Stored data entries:
[Start of Attachment]

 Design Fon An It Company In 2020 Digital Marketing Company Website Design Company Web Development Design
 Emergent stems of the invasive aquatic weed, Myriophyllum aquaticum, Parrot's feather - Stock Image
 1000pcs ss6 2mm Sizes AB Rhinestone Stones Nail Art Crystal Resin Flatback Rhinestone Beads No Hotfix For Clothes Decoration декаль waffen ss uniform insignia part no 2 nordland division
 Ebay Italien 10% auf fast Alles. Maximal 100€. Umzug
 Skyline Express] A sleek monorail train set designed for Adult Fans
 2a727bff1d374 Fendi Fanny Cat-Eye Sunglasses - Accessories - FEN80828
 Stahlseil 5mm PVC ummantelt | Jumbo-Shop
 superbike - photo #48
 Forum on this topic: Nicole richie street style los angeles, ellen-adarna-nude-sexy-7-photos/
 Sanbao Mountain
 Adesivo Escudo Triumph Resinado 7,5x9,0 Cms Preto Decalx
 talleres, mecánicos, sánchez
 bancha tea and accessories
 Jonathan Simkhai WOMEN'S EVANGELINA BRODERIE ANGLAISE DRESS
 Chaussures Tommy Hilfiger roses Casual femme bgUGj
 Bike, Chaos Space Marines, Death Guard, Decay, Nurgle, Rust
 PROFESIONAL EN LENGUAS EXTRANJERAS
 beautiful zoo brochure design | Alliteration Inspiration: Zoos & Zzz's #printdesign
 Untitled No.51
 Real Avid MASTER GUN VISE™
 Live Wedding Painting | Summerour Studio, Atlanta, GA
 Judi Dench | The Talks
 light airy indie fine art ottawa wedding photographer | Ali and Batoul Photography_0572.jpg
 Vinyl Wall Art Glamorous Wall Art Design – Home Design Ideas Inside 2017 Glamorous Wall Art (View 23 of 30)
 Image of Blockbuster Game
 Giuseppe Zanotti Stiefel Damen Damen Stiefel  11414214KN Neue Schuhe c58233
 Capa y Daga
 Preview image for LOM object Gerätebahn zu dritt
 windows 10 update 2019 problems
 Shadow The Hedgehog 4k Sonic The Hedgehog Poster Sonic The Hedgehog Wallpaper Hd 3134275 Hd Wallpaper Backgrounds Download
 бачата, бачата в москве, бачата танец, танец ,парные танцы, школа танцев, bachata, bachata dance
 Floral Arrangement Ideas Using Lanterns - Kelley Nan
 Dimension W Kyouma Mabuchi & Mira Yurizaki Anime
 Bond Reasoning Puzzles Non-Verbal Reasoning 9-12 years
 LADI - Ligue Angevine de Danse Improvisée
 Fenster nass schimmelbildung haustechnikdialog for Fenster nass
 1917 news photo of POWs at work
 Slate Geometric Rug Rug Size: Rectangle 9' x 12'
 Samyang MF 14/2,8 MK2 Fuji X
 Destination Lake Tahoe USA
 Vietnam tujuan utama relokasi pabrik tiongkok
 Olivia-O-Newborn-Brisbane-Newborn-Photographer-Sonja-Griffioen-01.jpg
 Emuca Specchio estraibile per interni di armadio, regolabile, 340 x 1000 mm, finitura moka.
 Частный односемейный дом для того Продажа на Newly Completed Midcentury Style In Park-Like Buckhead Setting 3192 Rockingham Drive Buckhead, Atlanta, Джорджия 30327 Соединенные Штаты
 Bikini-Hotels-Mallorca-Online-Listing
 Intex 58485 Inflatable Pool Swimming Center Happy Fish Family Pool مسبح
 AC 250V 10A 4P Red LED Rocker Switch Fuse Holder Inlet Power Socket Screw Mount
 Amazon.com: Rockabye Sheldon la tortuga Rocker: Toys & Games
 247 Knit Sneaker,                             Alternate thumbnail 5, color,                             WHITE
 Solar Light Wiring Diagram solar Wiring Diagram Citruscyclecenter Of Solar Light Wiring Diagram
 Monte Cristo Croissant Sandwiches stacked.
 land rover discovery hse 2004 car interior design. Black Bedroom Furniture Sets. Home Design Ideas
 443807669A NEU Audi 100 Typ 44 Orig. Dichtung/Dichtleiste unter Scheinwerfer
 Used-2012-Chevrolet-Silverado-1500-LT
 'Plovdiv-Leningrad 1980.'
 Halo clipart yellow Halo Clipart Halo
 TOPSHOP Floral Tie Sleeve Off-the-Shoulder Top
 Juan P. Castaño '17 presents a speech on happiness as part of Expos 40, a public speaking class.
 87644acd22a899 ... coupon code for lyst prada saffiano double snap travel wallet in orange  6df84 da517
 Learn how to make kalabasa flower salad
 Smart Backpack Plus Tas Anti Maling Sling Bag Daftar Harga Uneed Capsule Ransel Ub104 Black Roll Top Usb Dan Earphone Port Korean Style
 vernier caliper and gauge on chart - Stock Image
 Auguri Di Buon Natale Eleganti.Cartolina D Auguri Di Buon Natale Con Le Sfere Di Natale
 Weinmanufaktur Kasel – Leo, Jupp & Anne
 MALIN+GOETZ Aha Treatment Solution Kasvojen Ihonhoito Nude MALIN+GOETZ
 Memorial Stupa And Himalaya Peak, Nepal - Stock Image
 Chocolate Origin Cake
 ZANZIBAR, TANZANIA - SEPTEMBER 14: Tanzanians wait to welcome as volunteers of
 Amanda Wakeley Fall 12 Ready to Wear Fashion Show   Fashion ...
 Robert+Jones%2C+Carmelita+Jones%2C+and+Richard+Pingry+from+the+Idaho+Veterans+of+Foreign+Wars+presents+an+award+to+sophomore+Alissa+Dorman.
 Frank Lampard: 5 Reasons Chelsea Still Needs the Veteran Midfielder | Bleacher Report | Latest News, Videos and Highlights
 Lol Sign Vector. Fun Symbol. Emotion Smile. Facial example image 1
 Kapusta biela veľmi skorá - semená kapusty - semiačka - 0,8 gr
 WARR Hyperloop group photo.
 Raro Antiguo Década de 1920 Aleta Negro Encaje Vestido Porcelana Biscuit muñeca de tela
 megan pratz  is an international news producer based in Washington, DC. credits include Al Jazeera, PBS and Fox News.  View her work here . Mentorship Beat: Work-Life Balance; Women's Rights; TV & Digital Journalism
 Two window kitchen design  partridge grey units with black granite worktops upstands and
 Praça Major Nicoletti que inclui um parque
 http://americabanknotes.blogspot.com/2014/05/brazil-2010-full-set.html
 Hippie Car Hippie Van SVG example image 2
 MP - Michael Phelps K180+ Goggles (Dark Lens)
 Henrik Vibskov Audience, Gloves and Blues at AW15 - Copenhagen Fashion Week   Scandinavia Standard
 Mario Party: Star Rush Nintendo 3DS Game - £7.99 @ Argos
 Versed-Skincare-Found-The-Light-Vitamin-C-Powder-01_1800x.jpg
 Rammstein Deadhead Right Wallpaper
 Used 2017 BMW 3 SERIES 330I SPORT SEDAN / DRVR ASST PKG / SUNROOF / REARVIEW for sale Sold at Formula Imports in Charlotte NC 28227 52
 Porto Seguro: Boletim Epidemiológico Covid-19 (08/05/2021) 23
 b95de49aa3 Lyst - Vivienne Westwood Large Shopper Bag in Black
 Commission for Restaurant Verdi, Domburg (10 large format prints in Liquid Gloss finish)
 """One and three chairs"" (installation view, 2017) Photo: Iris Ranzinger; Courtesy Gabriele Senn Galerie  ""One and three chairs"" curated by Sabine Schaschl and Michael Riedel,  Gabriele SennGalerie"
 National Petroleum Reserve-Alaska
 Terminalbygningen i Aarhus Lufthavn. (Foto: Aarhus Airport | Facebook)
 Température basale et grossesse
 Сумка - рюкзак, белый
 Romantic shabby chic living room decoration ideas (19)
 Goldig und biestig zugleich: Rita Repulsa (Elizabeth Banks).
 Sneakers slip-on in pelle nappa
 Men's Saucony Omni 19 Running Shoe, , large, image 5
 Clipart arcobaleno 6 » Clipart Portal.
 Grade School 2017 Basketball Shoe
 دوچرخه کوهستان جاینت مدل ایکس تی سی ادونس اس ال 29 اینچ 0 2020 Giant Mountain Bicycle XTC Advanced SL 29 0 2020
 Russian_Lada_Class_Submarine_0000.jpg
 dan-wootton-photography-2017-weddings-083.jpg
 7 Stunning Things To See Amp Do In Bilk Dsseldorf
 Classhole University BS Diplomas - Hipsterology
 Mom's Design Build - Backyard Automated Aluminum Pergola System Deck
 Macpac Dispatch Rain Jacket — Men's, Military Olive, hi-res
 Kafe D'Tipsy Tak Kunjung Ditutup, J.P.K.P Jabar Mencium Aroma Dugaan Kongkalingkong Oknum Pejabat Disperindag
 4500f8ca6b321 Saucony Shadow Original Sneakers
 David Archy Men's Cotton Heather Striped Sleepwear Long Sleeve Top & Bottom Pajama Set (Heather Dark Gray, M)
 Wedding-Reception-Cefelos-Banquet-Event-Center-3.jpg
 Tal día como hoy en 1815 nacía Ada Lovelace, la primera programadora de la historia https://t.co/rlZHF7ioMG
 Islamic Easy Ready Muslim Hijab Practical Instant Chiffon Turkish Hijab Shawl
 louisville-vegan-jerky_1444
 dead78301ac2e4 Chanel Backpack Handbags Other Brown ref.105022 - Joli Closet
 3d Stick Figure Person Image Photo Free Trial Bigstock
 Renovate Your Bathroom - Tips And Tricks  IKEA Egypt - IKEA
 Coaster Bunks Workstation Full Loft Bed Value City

[End of Attachment]

• _About this task_: Look above for the line with "Sneakers slip-on in pelle nappa" and the line with "Wedding-Reception-Cefelos-Banquet-Event-Center-3.jpg", and reproduce exactly those two lines plus every line between, nothing more.

• _Solved problem_:
 Sneakers slip-on in pelle nappa
 Men's Saucony Omni 19 Running Shoe, , large, image 5
 Clipart arcobaleno 6 » Clipart Portal.
 Grade School 2017 Basketball Shoe
 دوچرخه کوهستان جاینت مدل ایکس تی سی ادونس اس ال 29 اینچ 0 2020 Giant Mountain Bicycle XTC Advanced SL 29 0 2020
 Russian_Lada_Class_Submarine_0000.jpg
 dan-wootton-photography-2017-weddings-083.jpg
 7 Stunning Things To See Amp Do In Bilk Dsseldorf
 Classhole University BS Diplomas - Hipsterology
 Mom's Design Build - Backyard Automated Aluminum Pergola System Deck
 Macpac Dispatch Rain Jacket — Men's, Military Olive, hi-res
 Kafe D'Tipsy Tak Kunjung Ditutup, J.P.K.P Jabar Mencium Aroma Dugaan Kongkalingkong Oknum Pejabat Disperindag
 4500f8ca6b321 Saucony Shadow Original Sneakers
 David Archy Men's Cotton Heather Striped Sleepwear Long Sleeve Top & Bottom Pajama Set (Heather Dark Gray, M)
 Wedding-Reception-Cefelos-Banquet-Event-Center-3.jpg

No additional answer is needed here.